Downstream analysis 2: Gene Set Enrichment Analysis¶
This tutorial is focused on running GSEA based on the loadings that the ligand-receptor pairs obtained from the tensor factorization. Tensor-cell2cell does not have functions for running GSEA directly from the tool. Here, we use the library gseapy
, which has its own documentation: https://gseapy.readthedocs.io/en/latest/
IMPORTANT: Even though we use gseapy as an external tool, we have to build a gene set for ligand-receptor pairs because the standard GSEA is intended for individual genes.
import cell2cell as c2c
import numpy as np
import pandas as pd
import gseapy
from statsmodels.stats.multitest import fdrcorrection
from collections import defaultdict
import seaborn as sns
%matplotlib inline
import warnings
warnings.filterwarnings('ignore')
1 - Load Data¶
Specify folders where the data is located, and where the outputs will be written:
import os
data_folder = './'
directory = os.fsencode(data_folder)
output_folder = './results/'
if not os.path.isdir(output_folder):
os.mkdir(output_folder)
Open the loadings obtained from the tensor factorization
factors = c2c.io.load_tensor_factors('./results/Loadings.xlsx')
Load gene set used as reference to build the LR set
In this case we use the KEGG pathways. The .gmt file was obtained from http://www.gsea-msigdb.org/gsea/downloads.jsp. If you are interested in using another gene set such as GO Terms, you can download it from the same website.
pathway_per_gene = defaultdict(set)
with open('KEGG.gmt', 'rb') as f:
for i, line in enumerate(f):
l = line.decode("utf-8").split('\t')
l[-1] = l[-1].replace('\n', '')
l = [pw for pw in l if ('http' not in pw)] # Remove website info
for gene in l[1:]:
pathway_per_gene[gene] = pathway_per_gene[gene].union(set([l[0]]))

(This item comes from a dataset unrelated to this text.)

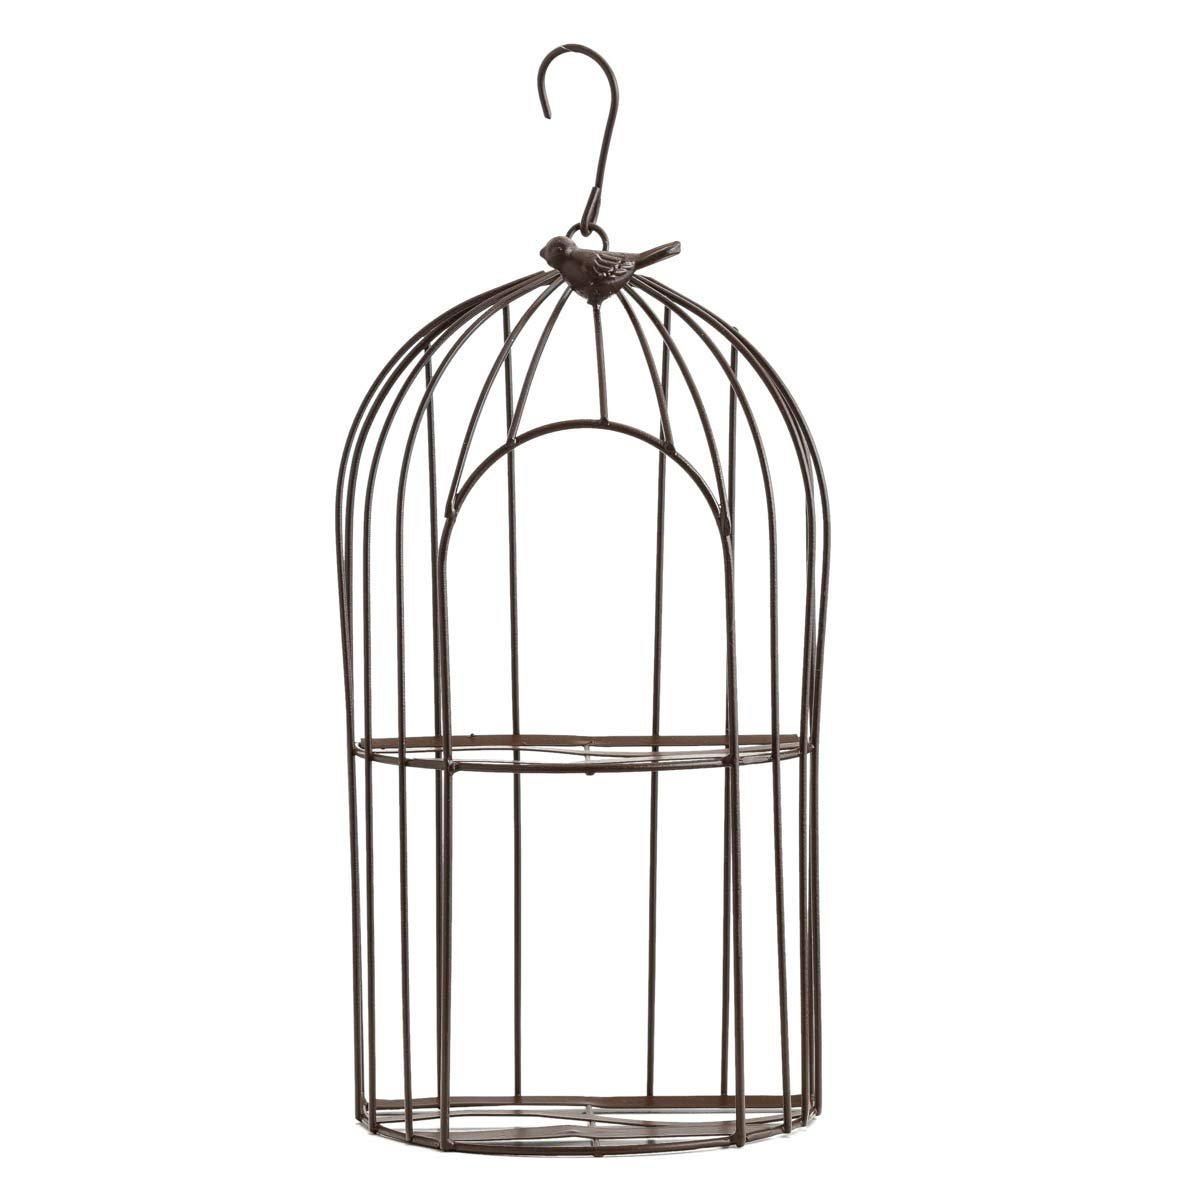 TJ Global 2-Plant Iron Birdcage Hanging Planter, Metal Wire Flower Pot Basket Wrought Iron Plant Stands for Plants, Flowers, Garden, Patio, Balcony Outdoor and Indoor Dcor - image 1 of 6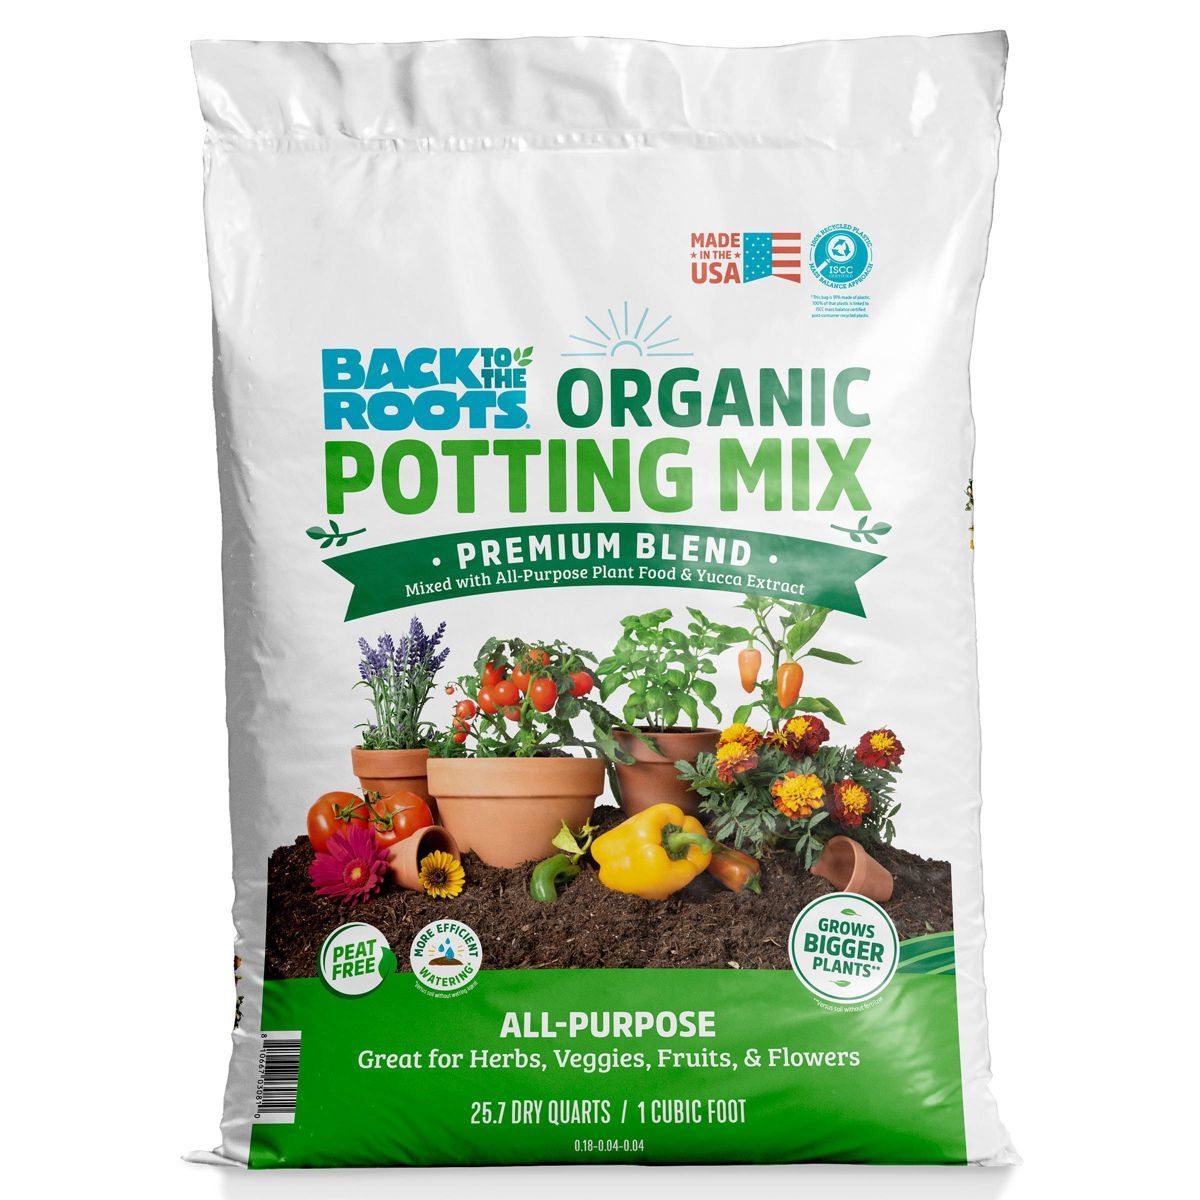 Back to the Roots 25.7qt Organic Potting Mix Premium Blend All Purpose | Target

This file contains pathways associated with each gene. For example for IL6:
pathway_per_gene['IL6']
{'KEGG_CYTOKINE_CYTOKINE_RECEPTOR_INTERACTION', 'KEGG_CYTOSOLIC_DNA_SENSING_PATHWAY', 'KEGG_GRAFT_VERSUS_HOST_DISEASE', 'KEGG_HEMATOPOIETIC_CELL_LINEAGE', 'KEGG_HYPERTROPHIC_CARDIOMYOPATHY_HCM', 'KEGG_INTESTINAL_IMMUNE_NETWORK_FOR_IGA_PRODUCTION', 'KEGG_JAK_STAT_SIGNALING_PATHWAY', 'KEGG_NOD_LIKE_RECEPTOR_SIGNALING_PATHWAY', 'KEGG_PATHWAYS_IN_CANCER', 'KEGG_PRION_DISEASES', 'KEGG_TOLL_LIKE_RECEPTOR_SIGNALING_PATHWAY'}
Open LR pairs from CellChat
Different databases of ligand-receptor interactions could be used. We previously created a repository that includes many available DBs (https://github.com/LewisLabUCSD/Ligand-Receptor-Pairs). In this tutorial, we employ the ligand-receptor pairs from CellChat (https://doi.org/10.1038/s41467-021-21246-9), which includes multimeric protein complexes.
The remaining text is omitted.